Photosynthesis--the process by which plants grow by using sunlight to break down water molecules into hydrogen and oxygen, then the hydrogen binds to carbon and then oxygen creating glucose (sugar) for energy to grow and flower--requires light of a specific intensity and duration. Peter Hiscock writes that plants will be "relatively unaffected" by a light/dark/light period of 5-6 hours/2-3 hours/5-6 hours followed by 10 hours of total darkness.

Bob Fenner, a regular contributor to FAMA, writes that plants are sensitive to day lengths. "Regularity of photoperiod can be very meaningful. Experiments have shown that long dark or light periods (1-2 days) severely affect aquatic life, photosynthetic and otherwise."
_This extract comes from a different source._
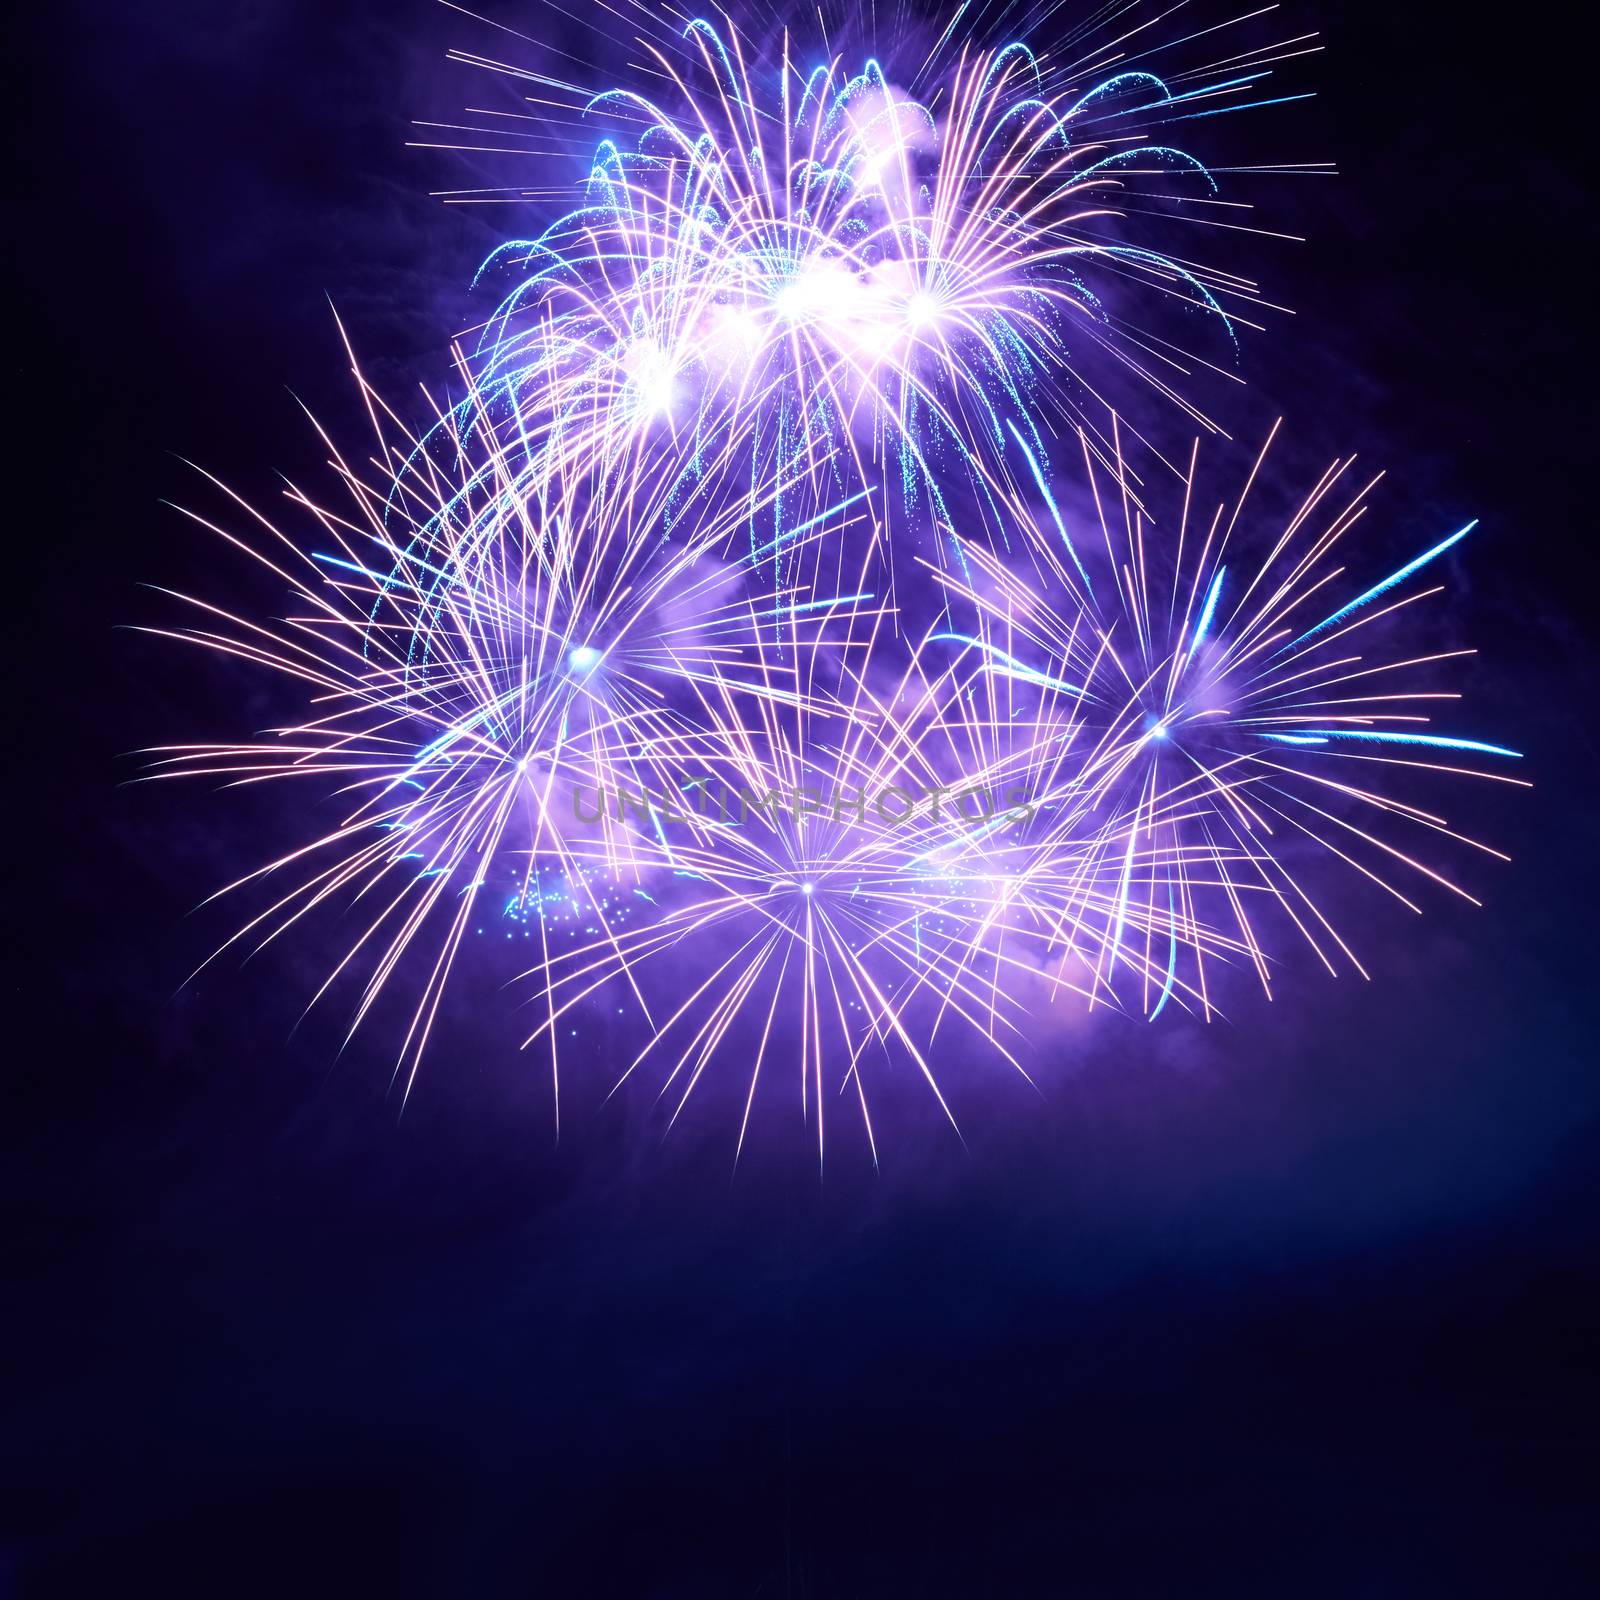 Сolorful fireworks by vapi

Dave Huebert, a botanist at the Univ of Manitoba, writes: 
Plants are sensitive to daylength. The pigment that senses light in plants is called phytochrome, and it absorbs light in the red/far-red end of the spectrum. Research has shown that some aquatic plants are short-day plants, some are long-day plants, and some are indifferent to daylength. When exposed to the ' wrong' daylength, plants will continue to photosynthesize in the presence of light, and grow vegetatively, but will not complete their lifecycle and flower. This is true of both terrestrial and aquatic plants. Generally, it is safest to assume that tropical aquarium plants are short-day plants, which means they are more likely to flower with a duration of 10 to 12 hours of light per day. Plants which grow in temperate zones are generally long-day plants and are most likely to flower with 14 to 16 hours of light per day. 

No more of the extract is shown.